📉 Dolar AS Tertekan
Indeks Dolar AS jatuh di bawah level 99, terendah sejak akhir Mei, setelah Departemen Keuangan AS mengumumkan akan melipatgandakan program buyback obligasi jangka panjang. Langkah ini menandakan intervensi aktif untuk menekan imbal hasil obligasi jangka panjang dan meningkatkan likuiditas dolar melalui Treasury General Account.
- Jepang dan AS sebelumnya juga melakukan intervensi di pasar valas, mempercepat pelemahan dolar.
- Menteri Keuangan Bessent menyerukan peningkatan batas fasilitas FIMA agar negara asing bisa mengakses likuiditas dolar tanpa harus intervensi langsung di pasar valas.

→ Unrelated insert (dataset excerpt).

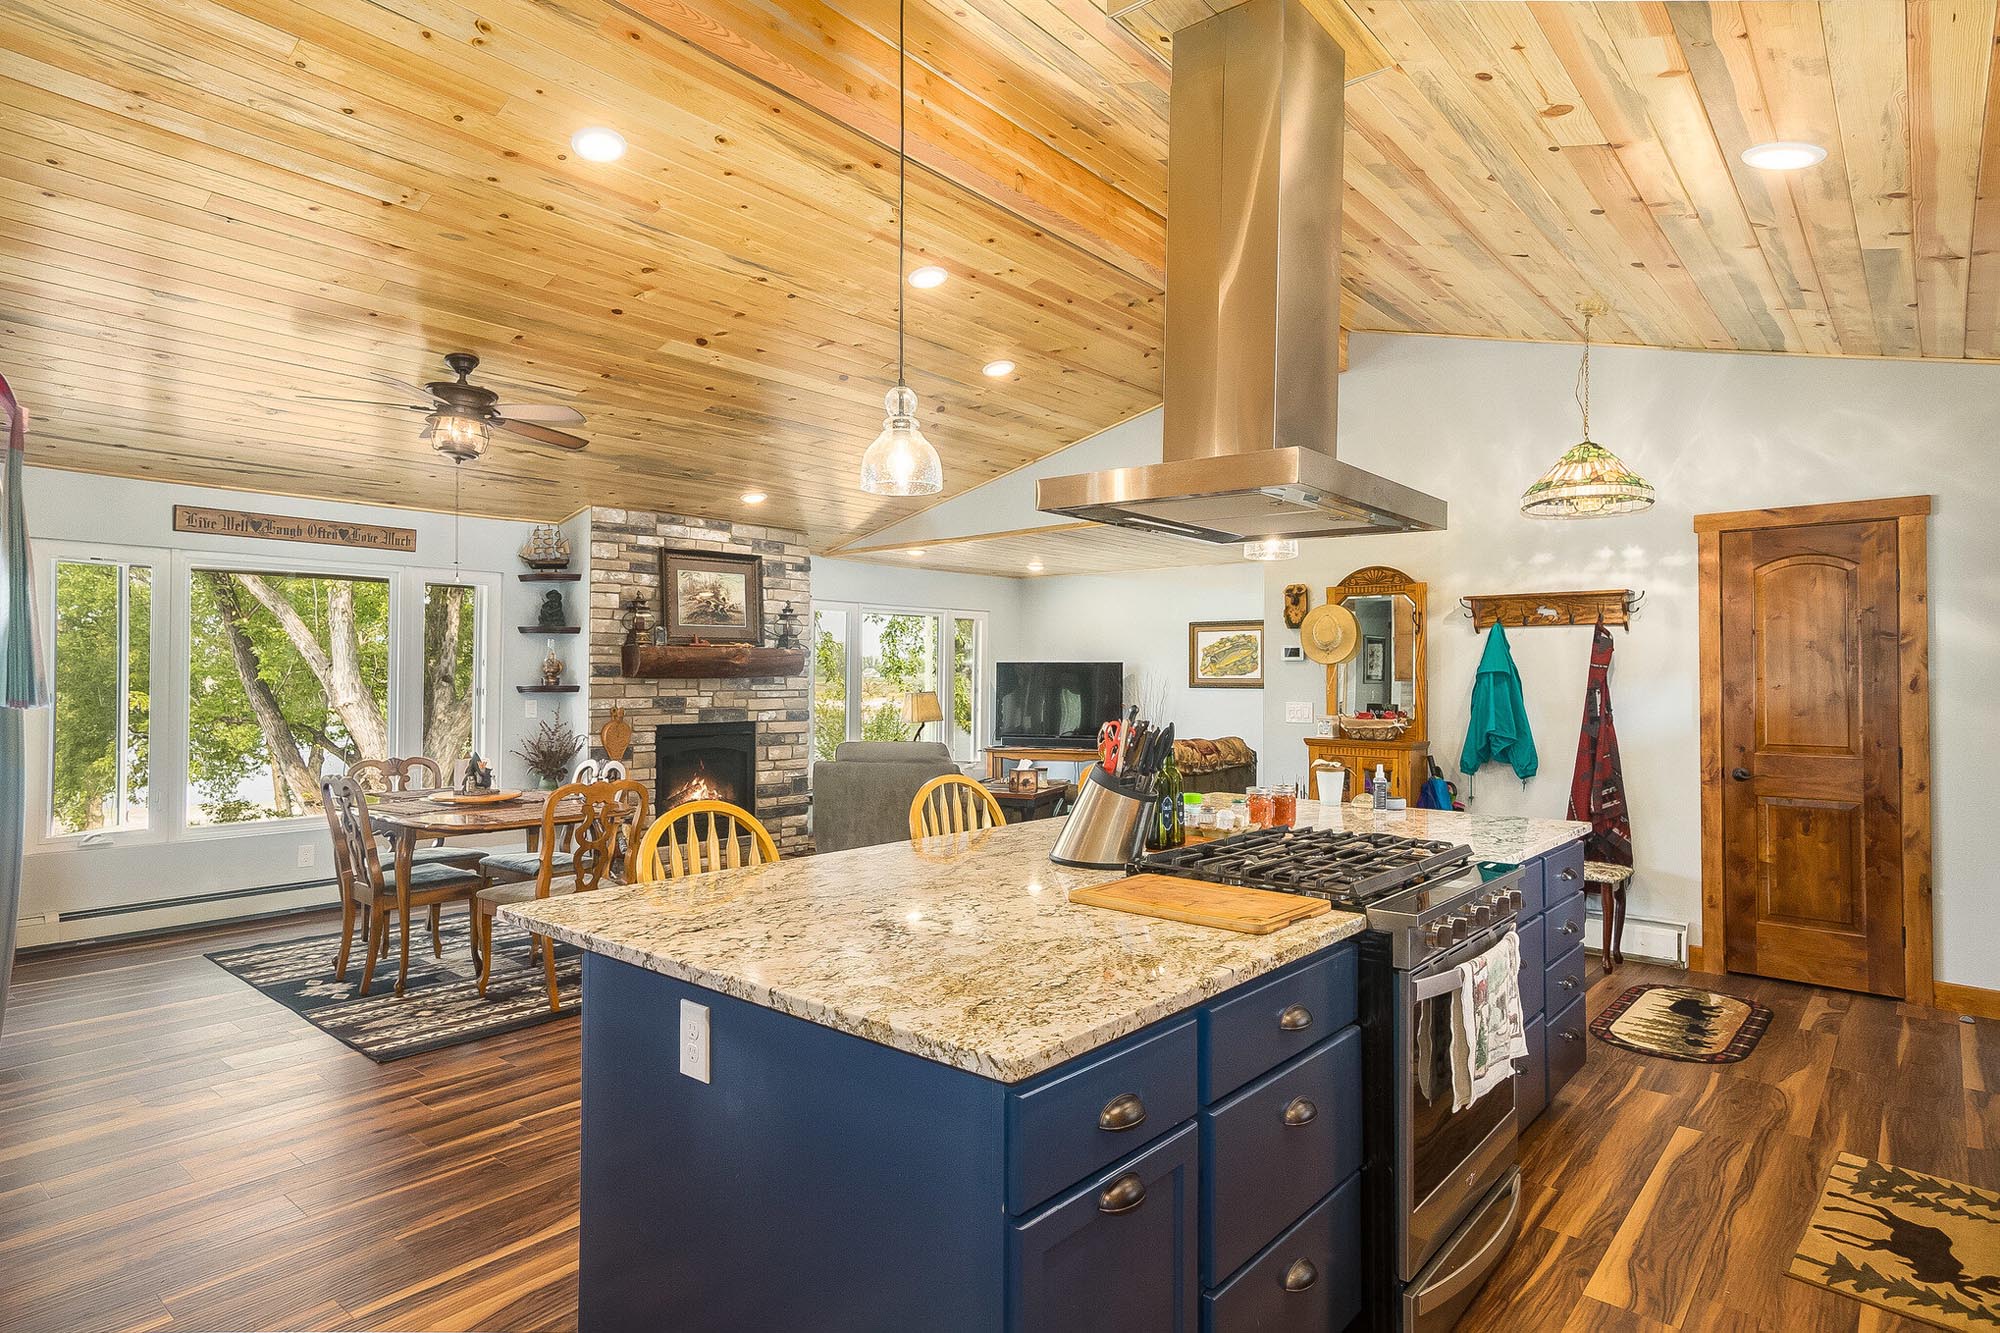 Rustic style kitchen with wooden ceiling and dark blue cabinets

- Risalah FOMC menunjukkan sebagian anggota masih melihat alasan untuk kenaikan suku bunga guna mengantisipasi inflasi.
🪙 Emas Menguat ke Puncak Baru
Harga emas melonjak ke $4.480 per ounce, tertinggi sejak awal Juni, mengikuti reli obligasi jangka panjang AS.

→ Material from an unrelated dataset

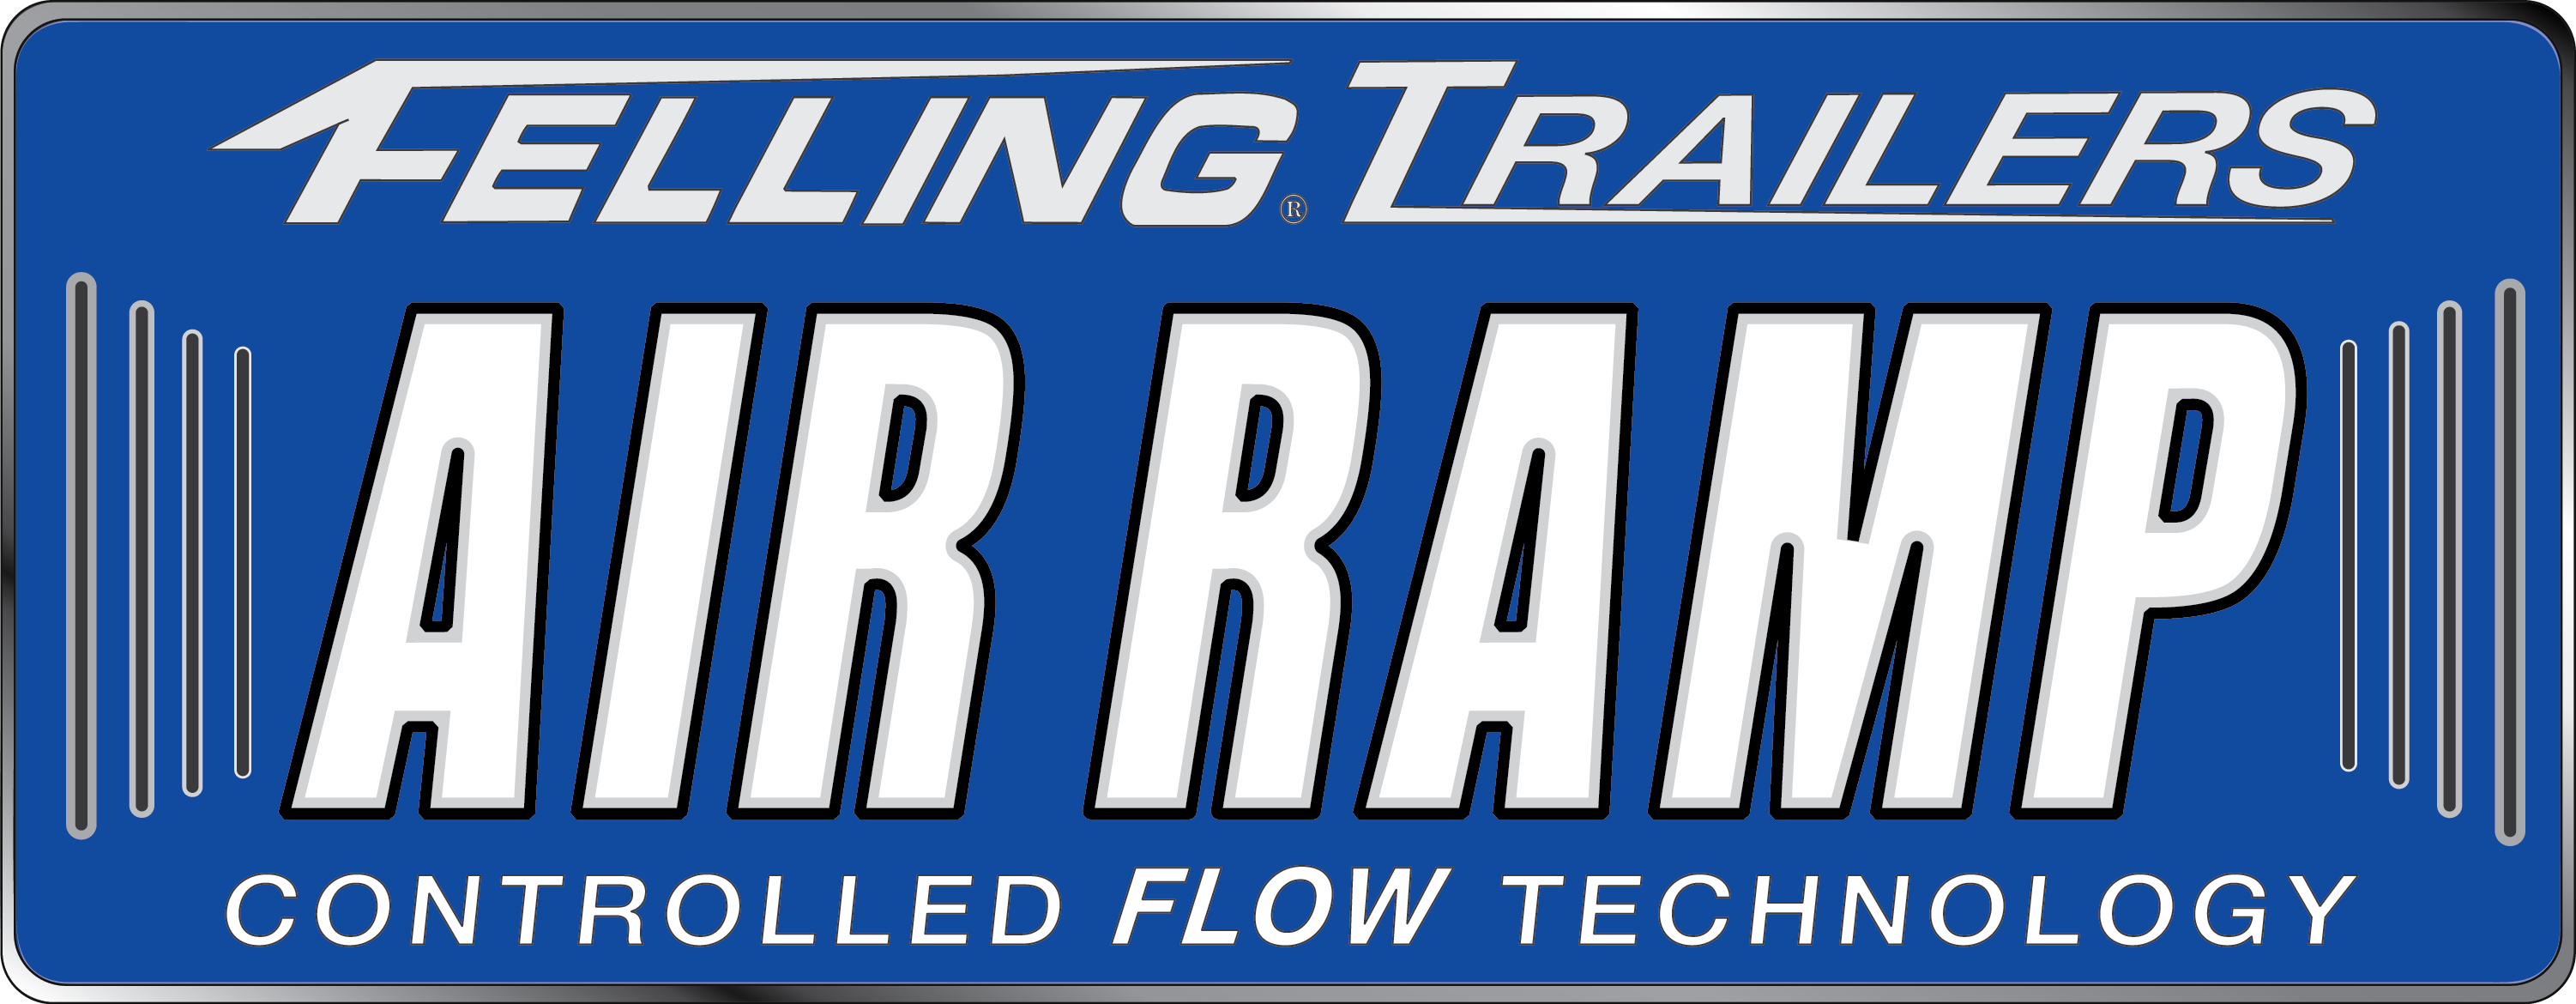 Felling Air Ramp Controlled Flow Technology logo

- Buyback obligasi menurunkan biaya pinjaman, sehingga opportunity cost memegang emas (yang tidak memberikan kupon) menjadi lebih rendah.
- Peningkatan likuiditas dolar juga mendukung permintaan emas sebagai aset lindung nilai.
- Risalah FOMC menegaskan sebagian pembuat kebijakan masih mendorong kenaikan suku bunga tahun ini untuk mencegah tekanan inflasi lebih tajam.
📌 Kesimpulan
Kebijakan buyback obligasi jangka panjang oleh Departemen Keuangan AS menekan dolar ke level terendah sejak Mei, sementara emas justru terdorong naik ke level tertinggi dua bulan. Likuiditas dolar yang meningkat dan biaya pinjaman yang lebih rendah memperkuat daya tarik emas, meski sebagian pejabat Fed tetap membuka opsi kenaikan suku bunga.